─── Data for analysis ───
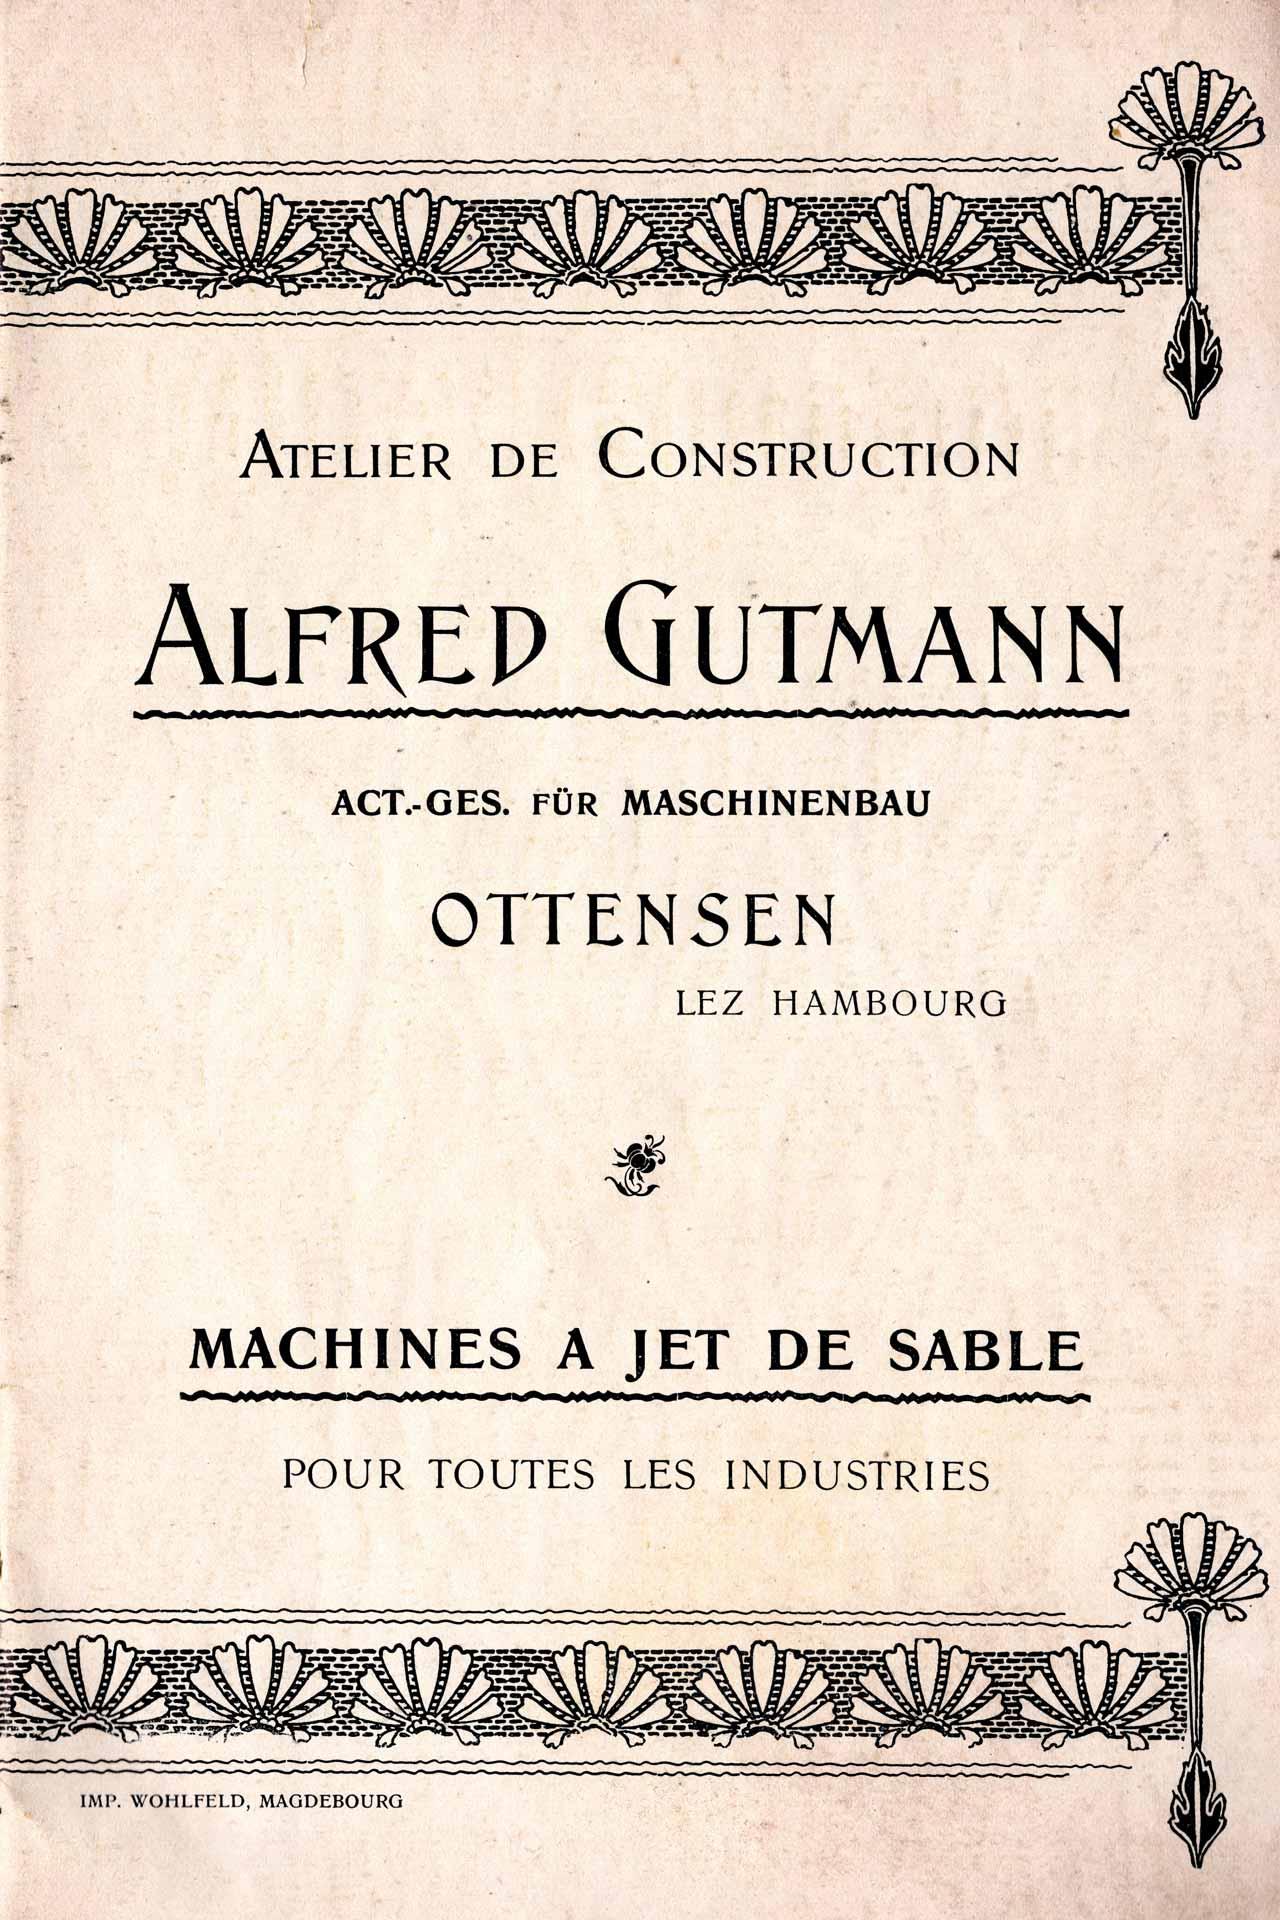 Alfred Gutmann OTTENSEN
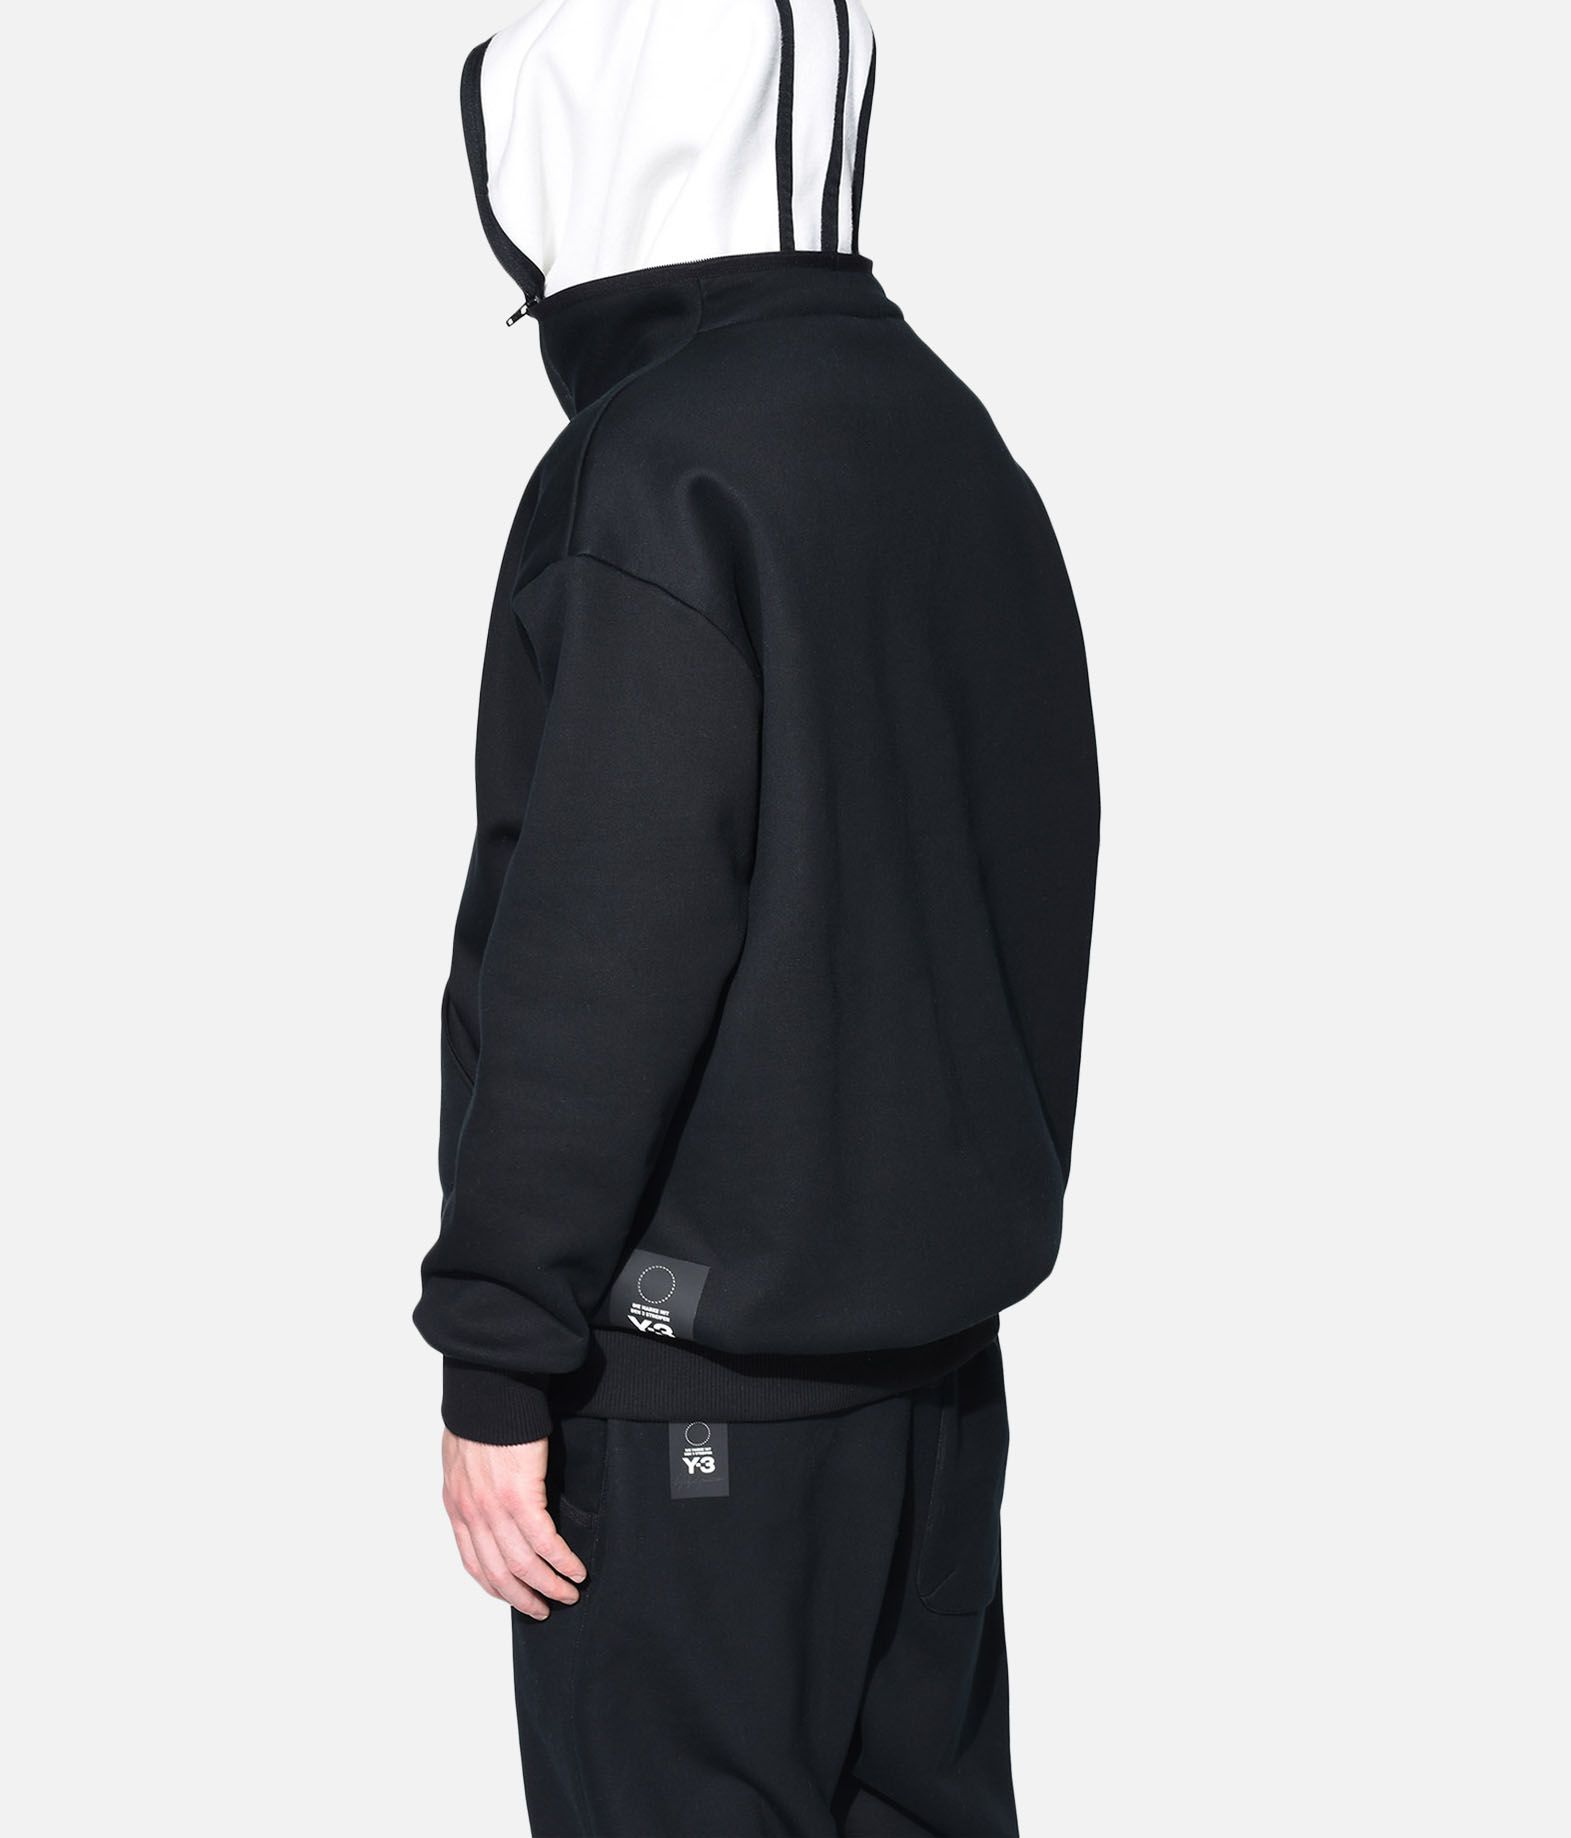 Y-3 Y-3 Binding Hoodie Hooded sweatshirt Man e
───
─── Data for analysis ───
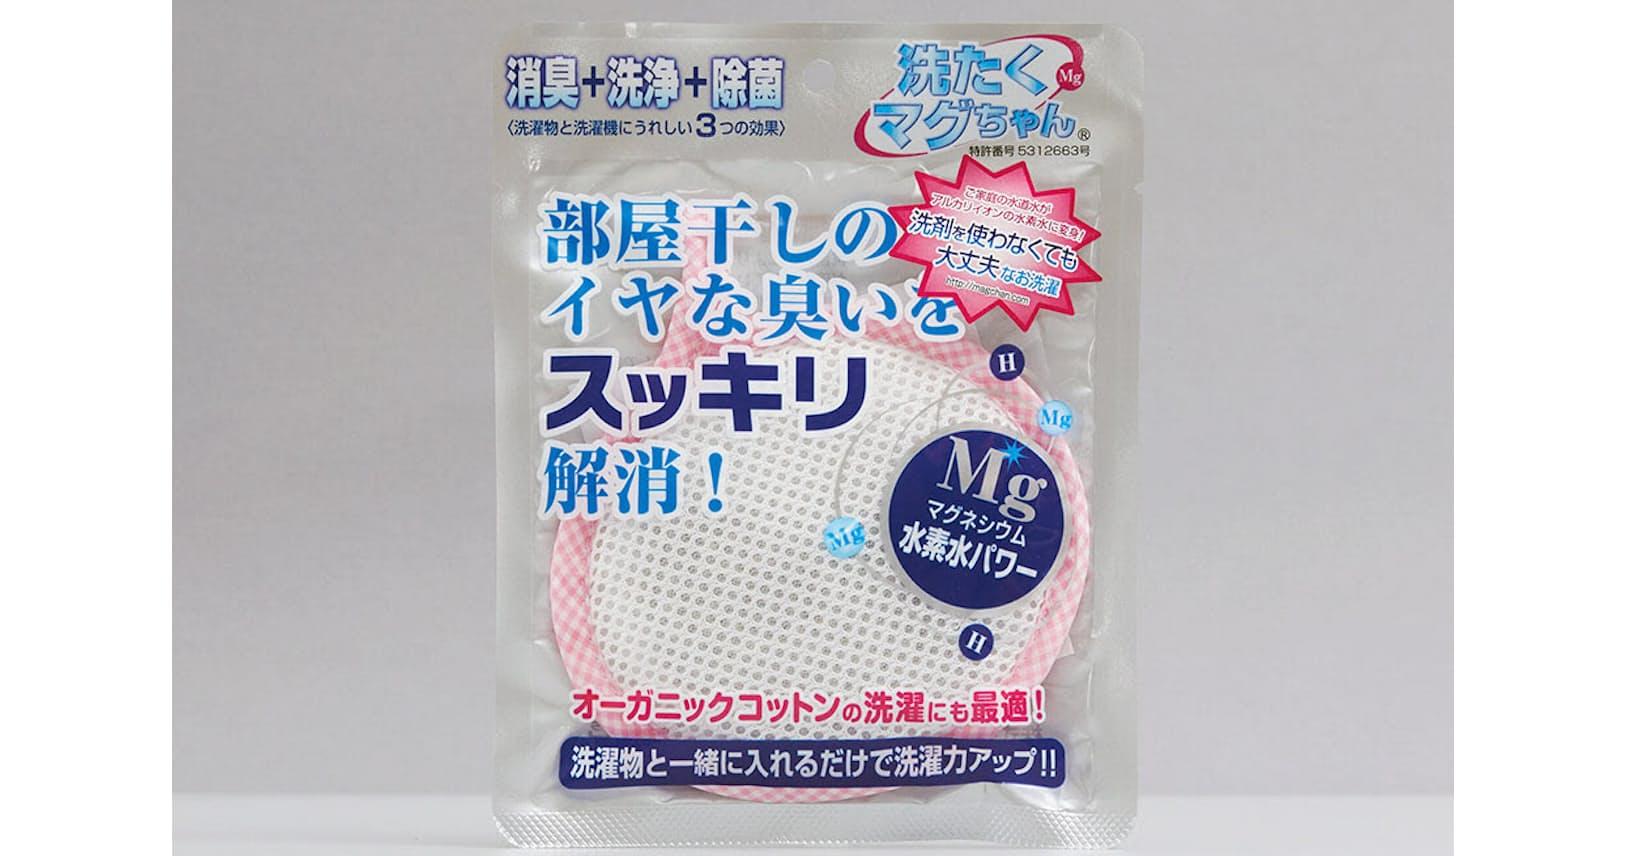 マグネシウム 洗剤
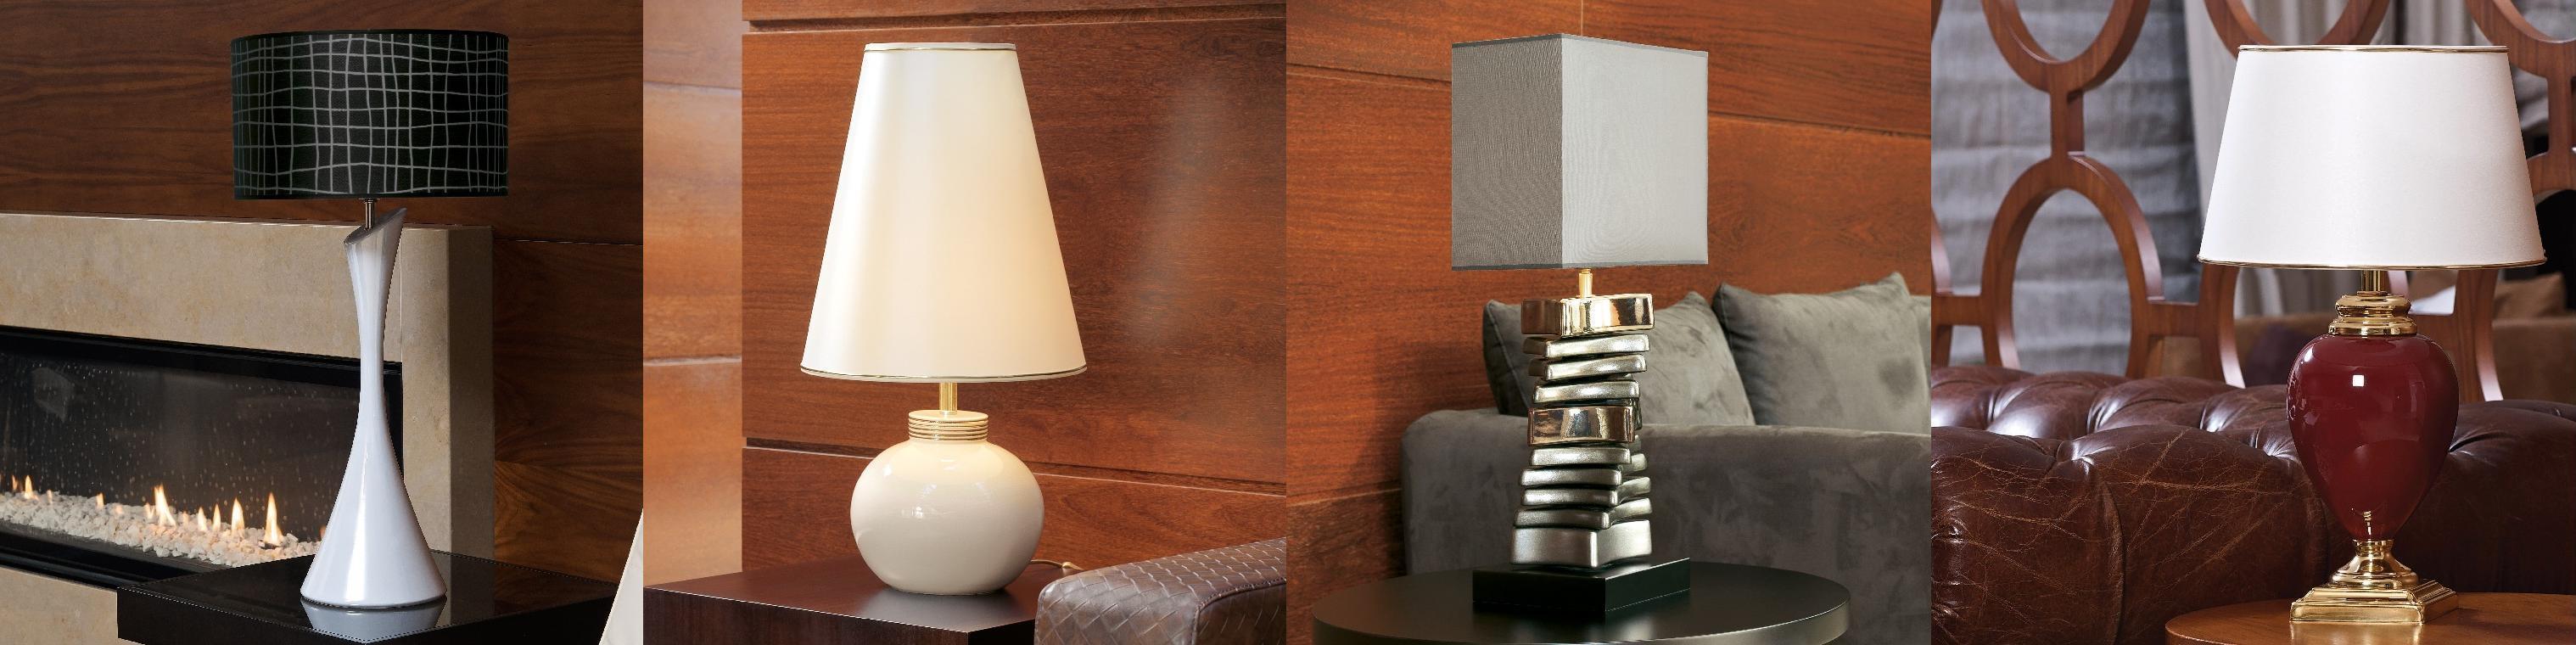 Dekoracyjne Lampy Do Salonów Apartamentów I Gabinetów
───
─── Data for analysis ───
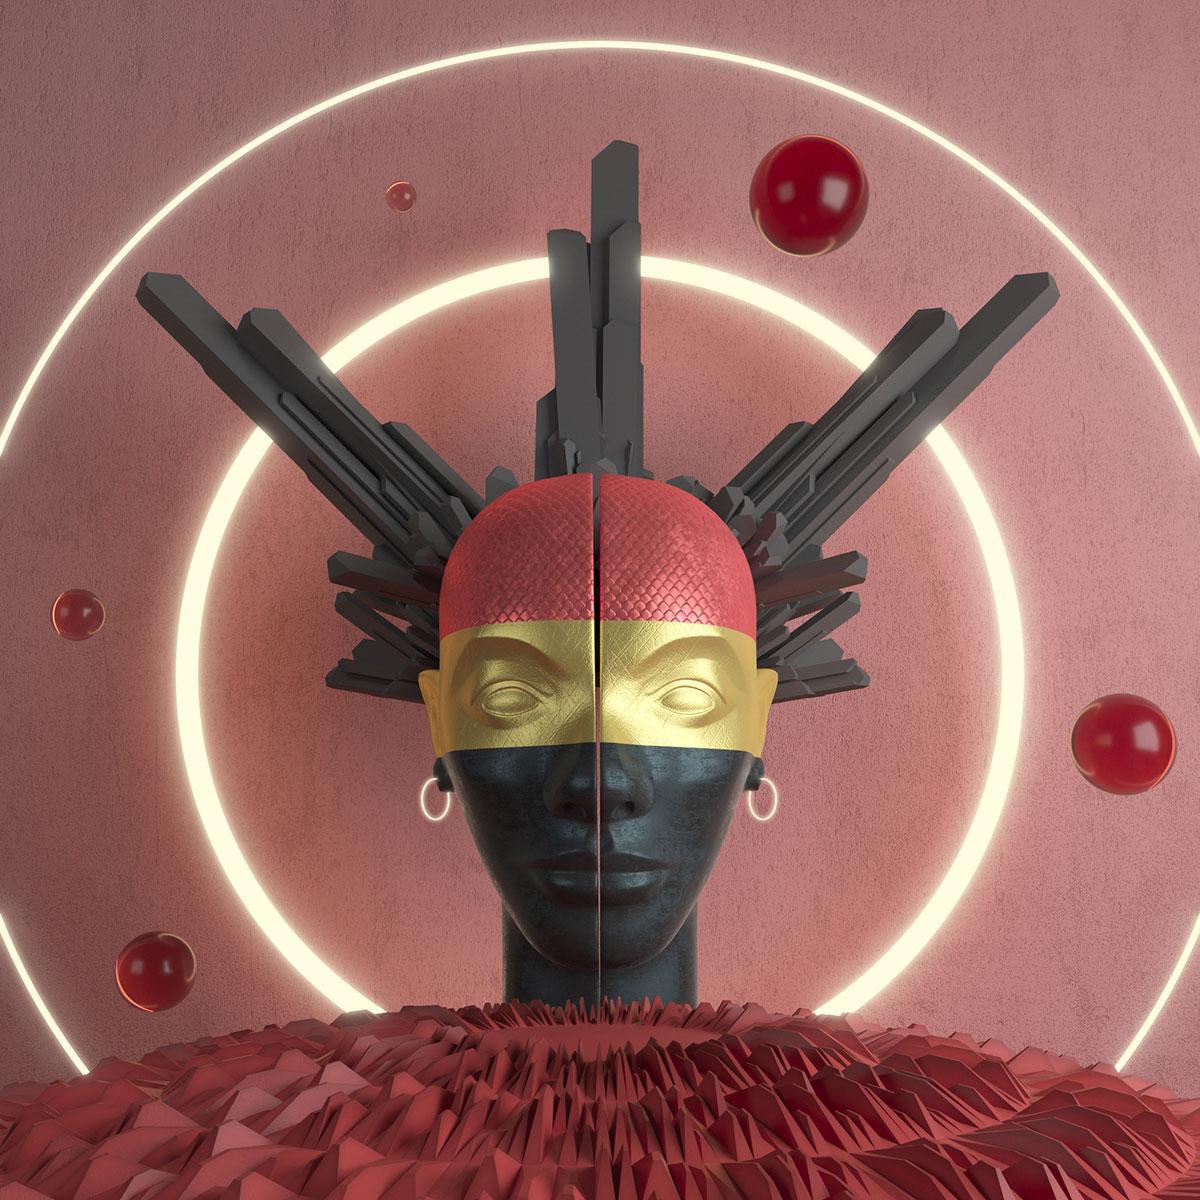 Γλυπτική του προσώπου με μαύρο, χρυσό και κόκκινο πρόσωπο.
───
◆ Task directions: In the listing above, find the line with "Alfred Gutmann OTTENSEN" and the line with "Y-3 Y-3 Binding". Set down exactly those lines and everything between them, skipping pictures.

◆ Response to this exercise:
 Alfred Gutmann OTTENSEN
 Y-3 Y-3 Binding Hoodie Hooded sweatshirt Man e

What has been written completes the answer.